The transient receptor potential (TRP) family is a large family of widely expressed ion channels that regulate the intracellular concentration of ions and metals and respond to various chemical and physical stimuli. TRP subfamily M member 7 (TRPM7) is unusual in that it contains both an ion channel and a kinase domain. TRPM7 is a divalent cation channel with preference for Ca²⁺ and Mg²⁺. It is required for the survival of DT40 cells, a B cell line; however, deletion of TRPM7 in T cells does not impair their development. We found that expression of TRPM7 was required for B cell development in mice.
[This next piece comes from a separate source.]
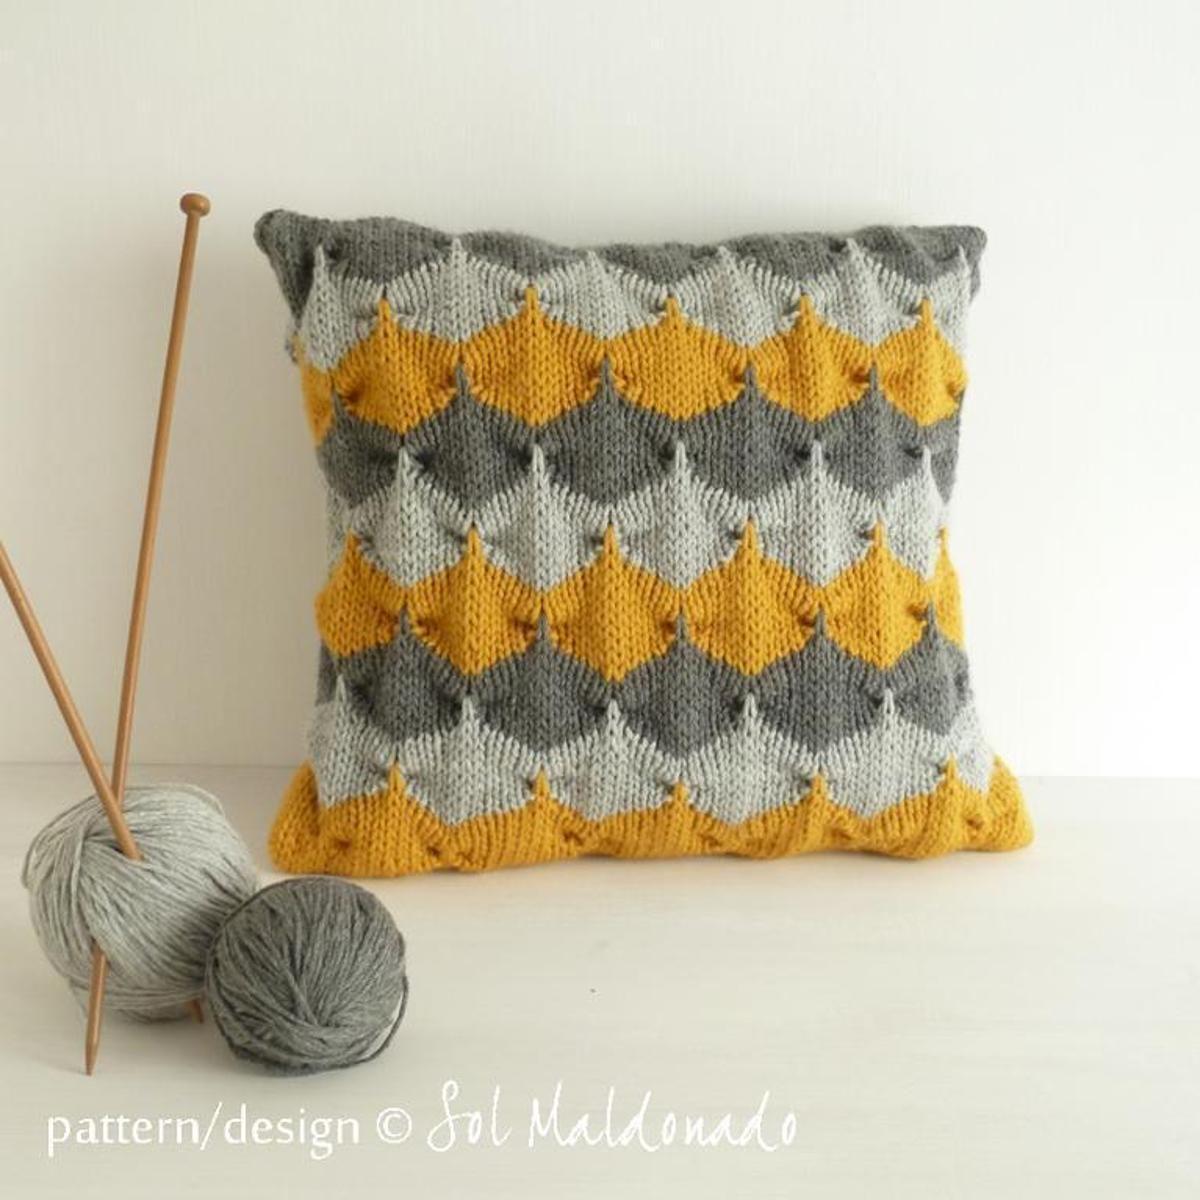 Geometric Cushion Decorative Knit Pillow

Mice that lacked TRPM7 in B cells failed to generate peripheral B cells because of a developmental block at the pro-B cell stage. The loss of TRPM7 kinase activity alone did not affect the proportion of peripheral mature B cells or the development of B cells in the bone marrow. However, supplementation with a high concentration of extracellular Mg²⁺ partially rescued the development of TRPM7-deficient B cells in vitro. Thus, our findings identify a critical role for TRPM7 ion channel activity in B cell development.
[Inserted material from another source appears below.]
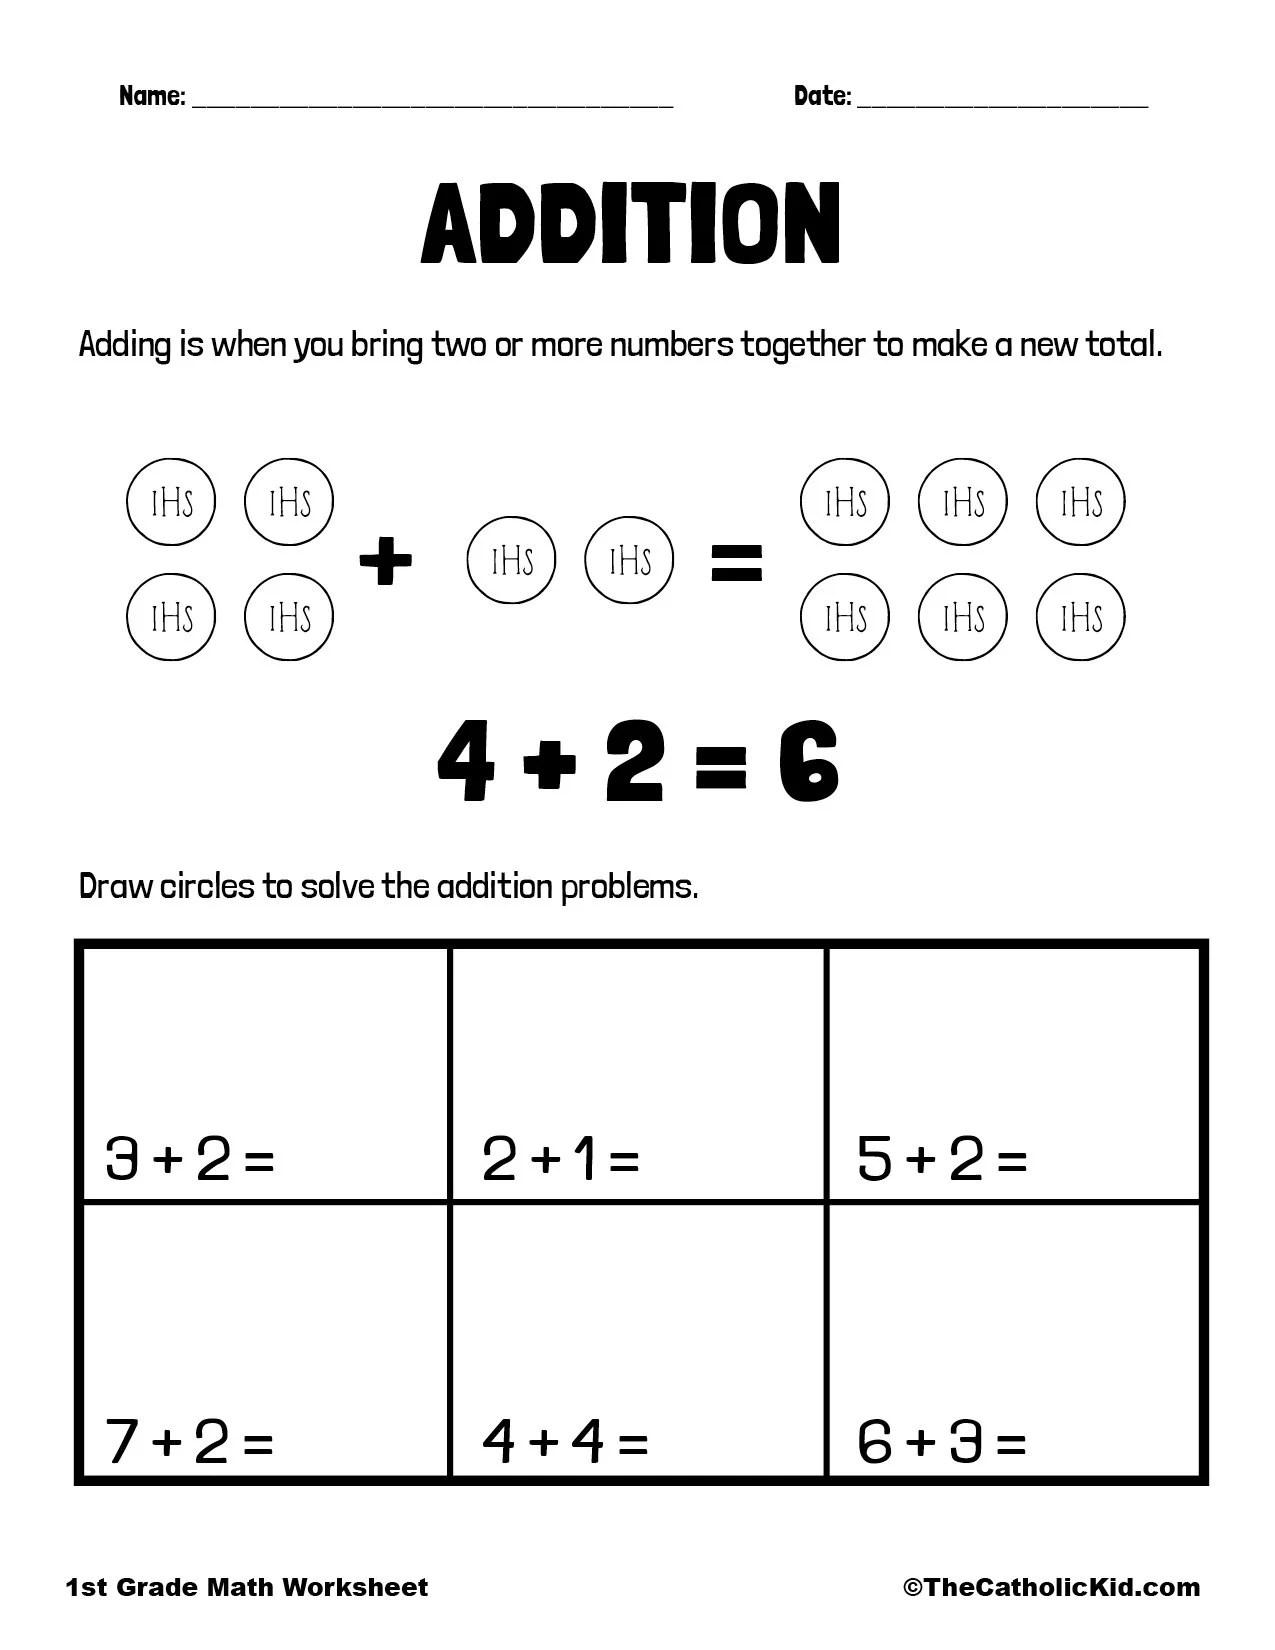 hight resolution of Addition - 1st Grade Math Worksheet Catholic - TheCatholicKid.com

瞬时受体电位（TRP）家族是一个广泛表达的离子通道家族，可调节离子和金属的细胞内浓度并响应各种化学和物理刺激。TRP亚家族M成员7（TRPM7）不寻常，因为它同时包含离子通道和激酶结构域。TRPM7是一个二价阳离子通道，优先选择Ca ²⁺和Mg ²⁺。它是B细胞系DT40细胞存活所必需的。然而，T细胞中TRPM7的缺失不会损害它们的发育。我们发现，TRPM7的表达是小鼠B细胞发育所必需的。在B细胞中缺乏TRPM7的小鼠由于在pro B细胞阶段的发育阻滞而无法产生外周B细胞。单独的TRPM7激酶活性丧失不会影响外周成熟B细胞的比例或骨髓中B细胞的发育。但是，补充高浓度的细胞外Mg ^2+可以部分挽救TRPM7缺陷型B细胞的体外发育。因此，我们的发现确定了TRPM7离子通道活性在B细胞发育中的关键作用。